Вискандцы быстро сообразили – кто сам лично к ним пожаловал, и, естественно, даксарский царь тут же стал для них первостепенной задачей. Дело приняло совсем уж скверный оборот. Царскому коню в грудь вонзились две пики, ещё две в живот и под рёбра, передние ноги опутались гасилом и прямо в лоб, меж глаз, ударила тяжёлая булава с шипами. Завалили вискандцы коня на землю, а с ним и царя Вапеша. Тут-то и произошёл тот героический эпизод, в результате которого даксарский царь, с торчащей стрелой в левой ноге, ускакал на коне отца Сермяга. Сам же отец Сермяга, успевший убить четырёх вискандцев, был проткнут пиками с трёх сторон.

Классическое – отдал жизнь за царя.

На вид Сермяг ничем таким не выделялся, несообразно своим друзьям, которые отличительных внешних особенностей оба имели в достатке. То есть по друзьям, описывая их, найдётся что сказать, а вот по Сермягу… придётся много нукать и экать, может два-три слова и выдавится, в которых так ничего характерного и не найдётся. Характерная особенность во внешнем виде – это если что-то бросается в глаза, что-то выделяется или выпячивается, имеет не совсем правильную линию, постановку или пропорцию. Во внешности же Сермяга всё гармонично. И можно добавить, атлетично и симпатично. Нет особенностей. Или сказать: в их отсутствии и заключается единственная особенность. Хоть статую высекай.
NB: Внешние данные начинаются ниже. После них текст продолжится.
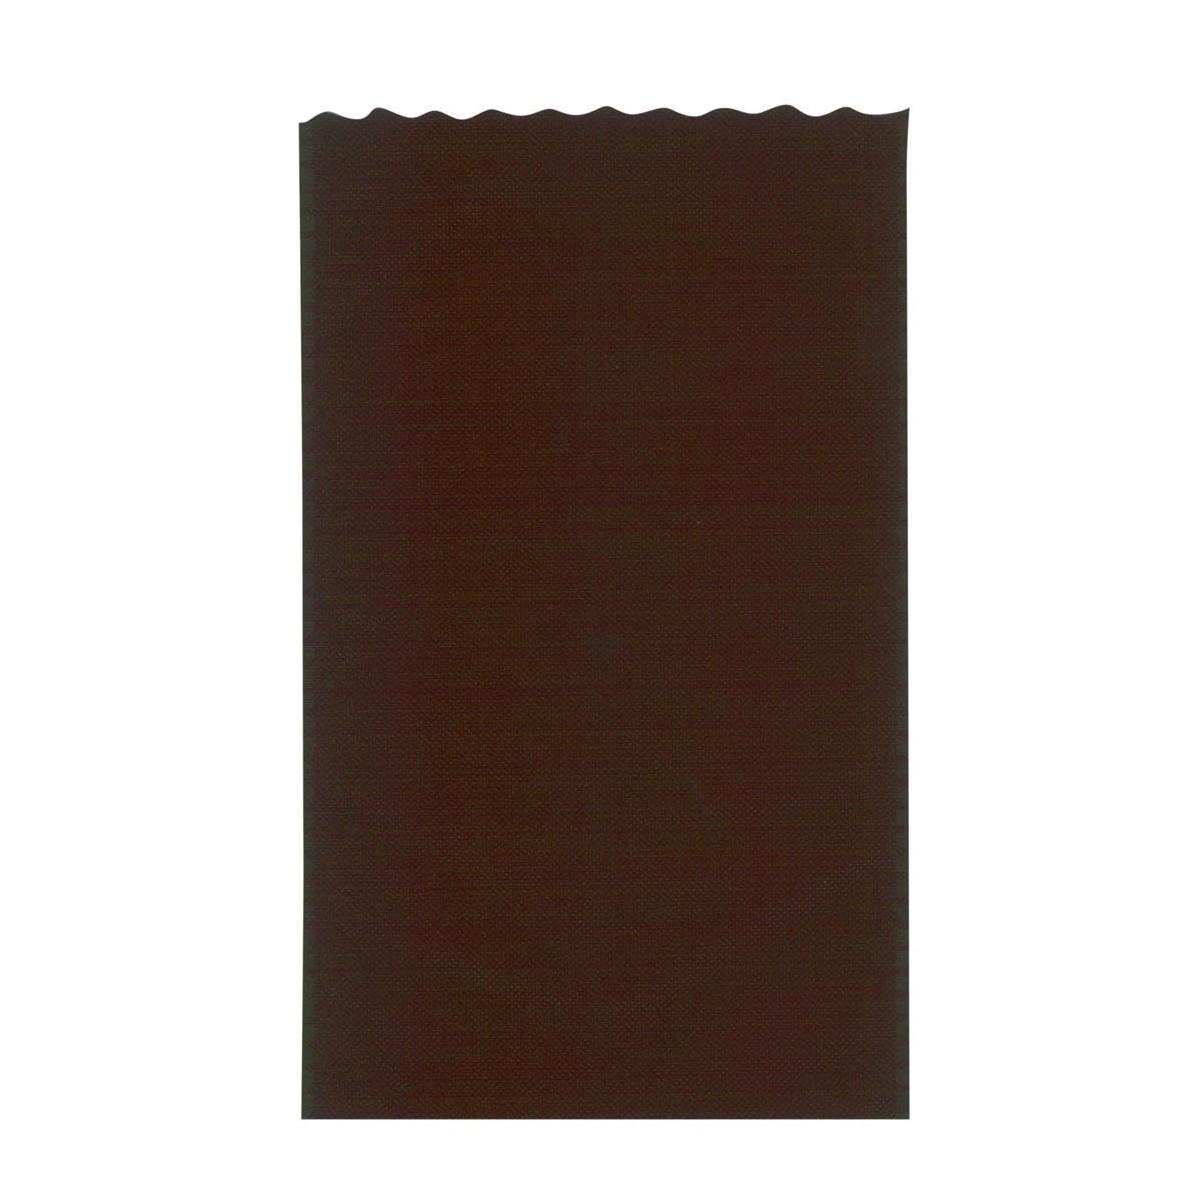 Busta Regalo Tessuto Non Tessuto TNT Colorata Confezione 25 Pezzi Marrone

Можно так представить, что у богов, создававших человека, перед глазами имелся некий гипотетический эталонный стандарт, и вот он в Сермяге воплотился в земном исполнении.

(В «земном» – это от тверди под ногами, а не от названия того места, где на самом деле «создавался» человек для этой планеты. Помимо прочего, и рассказчик такой в реальном мире невозможен, чтобы мог здесь хоть кому-то поведать о тех, которые на самом деле ему богами приходятся.)
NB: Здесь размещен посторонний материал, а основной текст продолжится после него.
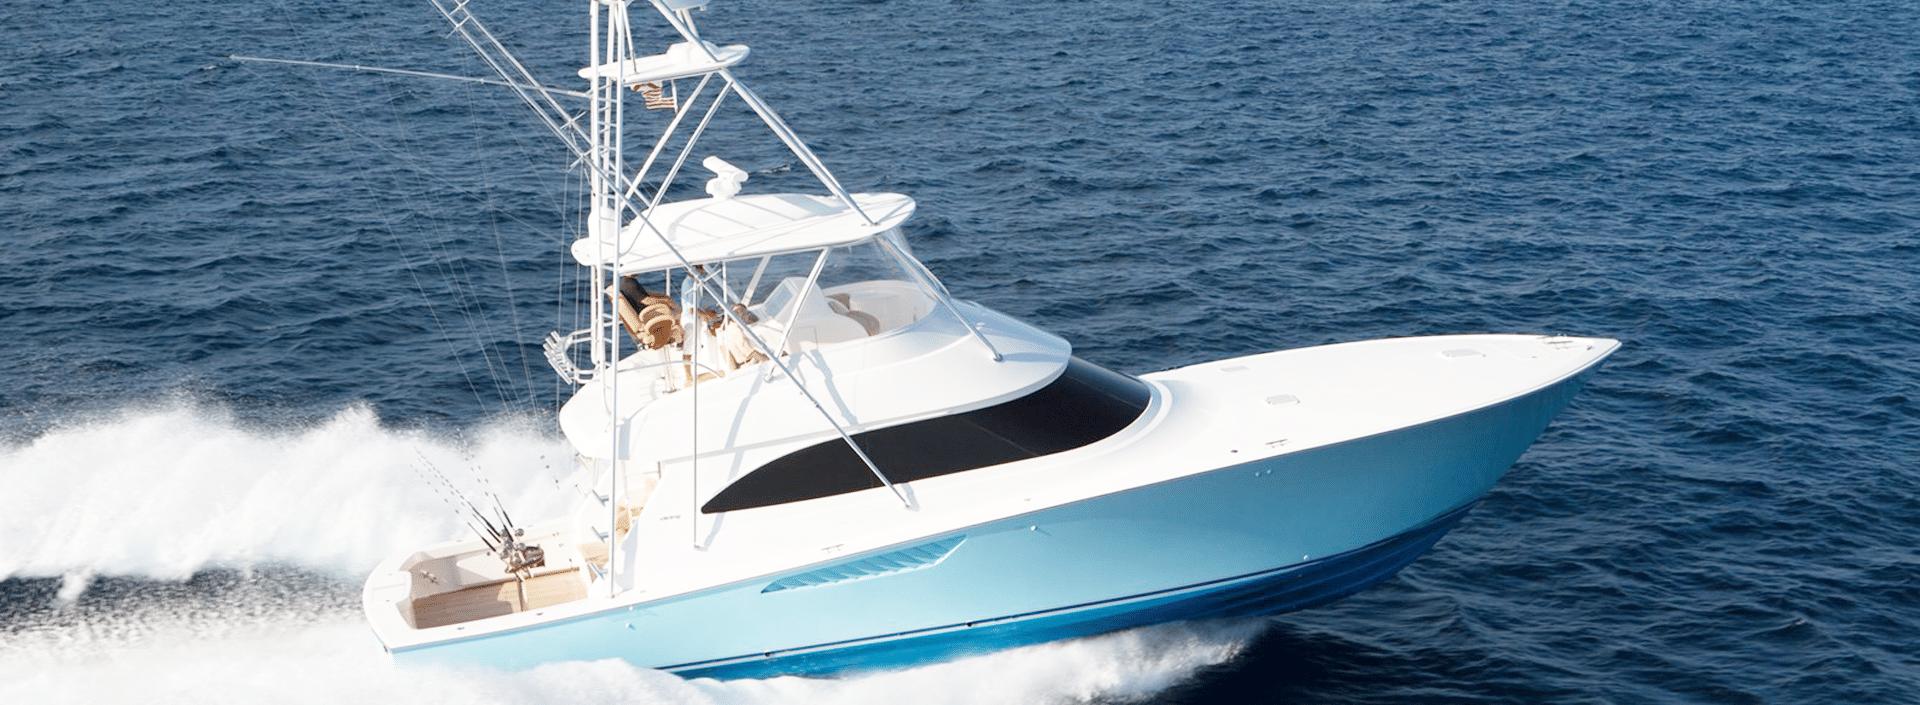 Viking Yacht - Galati

…Это что касается внешности. А вот внутренний мир Сермяга! Тут дела обстоят диаметрально противоположно. Тут много чего бросается, выделяется и выпячивается. Его внутренний мир, из-за объёмов своих, полному описанию просто не поддаётся. Не хватит ни времени, ни сил описывать. Натура разносторонняя, очень много знает, очень много умеет, и до большей части своих знаний и умений сам дошёл. Мастер любых известных дел и ремёсел. В медицину только не лез. Механик, кузнец, столяр, архитектор, химик, ювелир, стеклодел, оружейник, географ, звездочёт, философ… Короче говоря, полимат. Тут бы опять же и сказать: хоть в летописи записывай – так ведь он туда и так каждый год попадает. Спокойный, неторопливый в суждениях, неконфликтный; при этом инициативный, усердный, умеющий настоять на своём. Ещё добавим ко всему вышесказанному – спортивный. Любит возиться с кожаным мячом, набитым пухом, перьями и шерстью. Является главным забивающим в сборной Даксарии по самой популярной командной игре современности (о которой будет рассказано позже). Получается в итоге – такой, знаете, физически активный эрудит.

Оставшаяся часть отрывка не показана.